Personal information
- Full name: James Ian Morrison
- Born: 24 January 1985 (age 40) Chertsey, England
- Height: 1.80 m (5 ft 11 in)
- Weight: 81 kg (179 lb; 12.8 st)
- Sporting nationality: England
- Residence: Weybridge, England

Career
- College: University of South Carolina
- Turned professional: 2006
- Current tour: Challenge Tour
- Former tour: European Tour
- Professional wins: 4
- Highest ranking: 80 (4 October 2015)

Number of wins by tour
- European Tour: 2
- Challenge Tour: 2

Best results in major championships
- Masters Tournament: DNP
- PGA Championship: 77th: 2015
- U.S. Open: CUT: 2010, 2018
- The Open Championship: T20: 2015

= James Morrison (golfer) =

English professional golfer

James Ian Morrison (born 24 January 1985) is an English professional golfer.

== Early life and amateur career ==
Morrison attended Reed's School.
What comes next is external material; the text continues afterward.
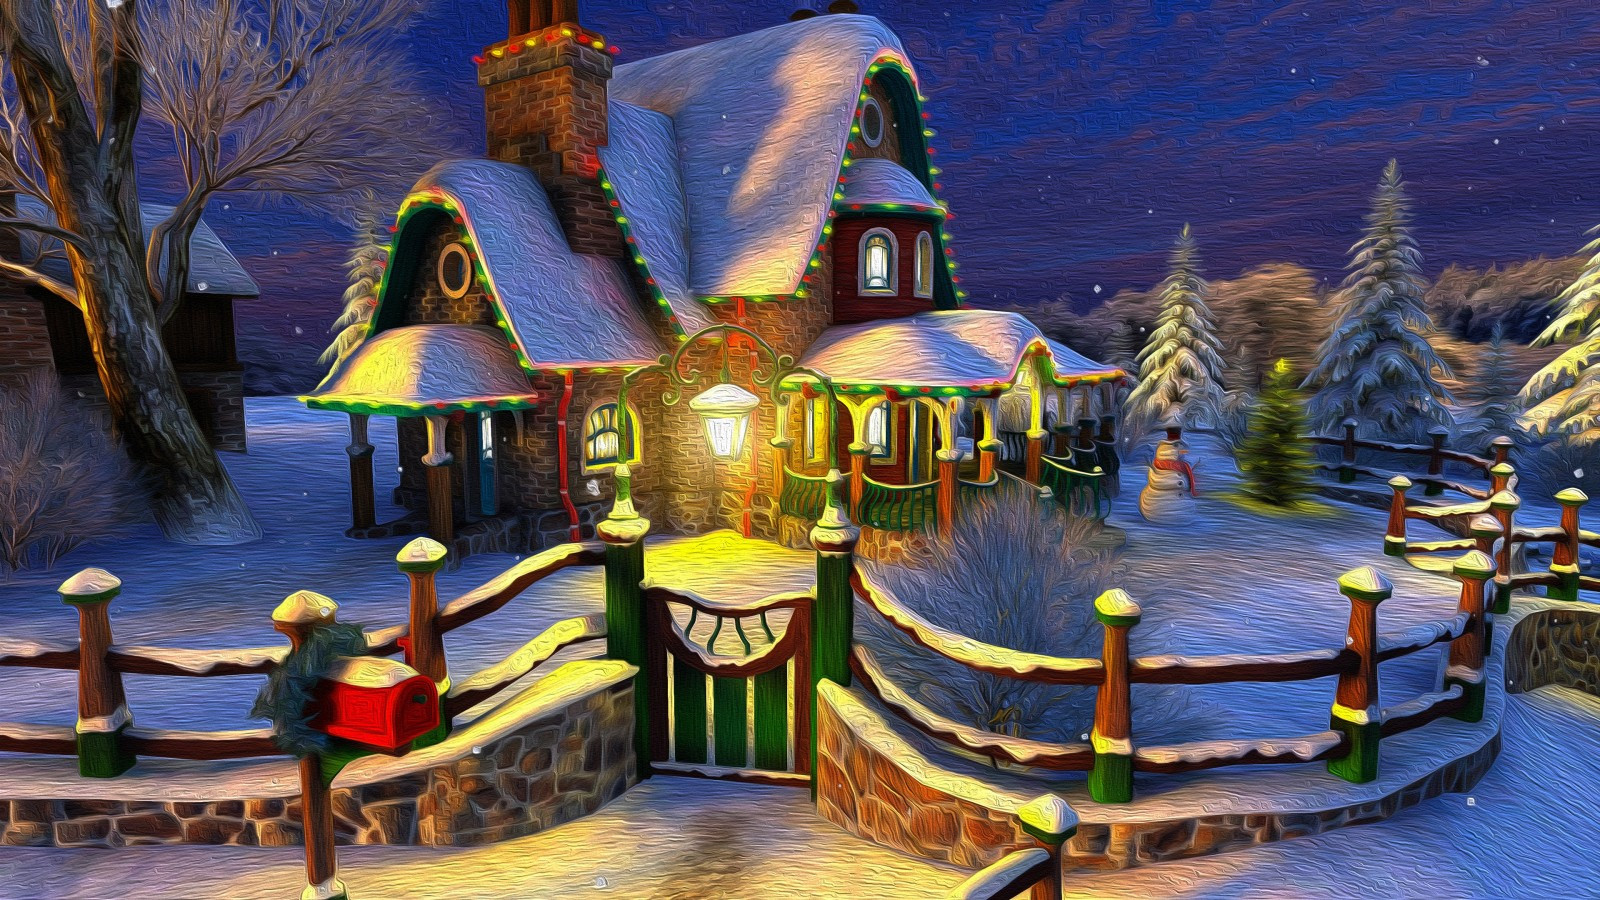 Download 1600x900 Cozy House, Christmas Door, Fence, Snow, Winter Wallpaper

He played in the same England youth cricket teams as Alastair Cook, Ravi Bopara and Tim Bresnan, with whom he remains friends.

At the age of 16, he switched to golf and his handicap fell from 18 to scratch in less than a year. He subsequently accepted a scholarship to the University of South Carolina.

==Professional career==
In 2006, Morrison turned professional. He played initially on the PGA EuroPro Tour.

At the end of 2007, he played all three stages of Qualifying School and finished 44th, earning a regular place on the Challenge Tour. He finished 18th in the 2009 Challenge Tour Rankings to secure his place on the 2010 European Tour.

In April 2010, he claimed his first win on the European Tour, winning the Madeira Islands Open BPI - Portugal, finishing on 20 under par. Three weeks later he finished second at the Open de España, having lost a playoff for the title to Álvaro Quirós.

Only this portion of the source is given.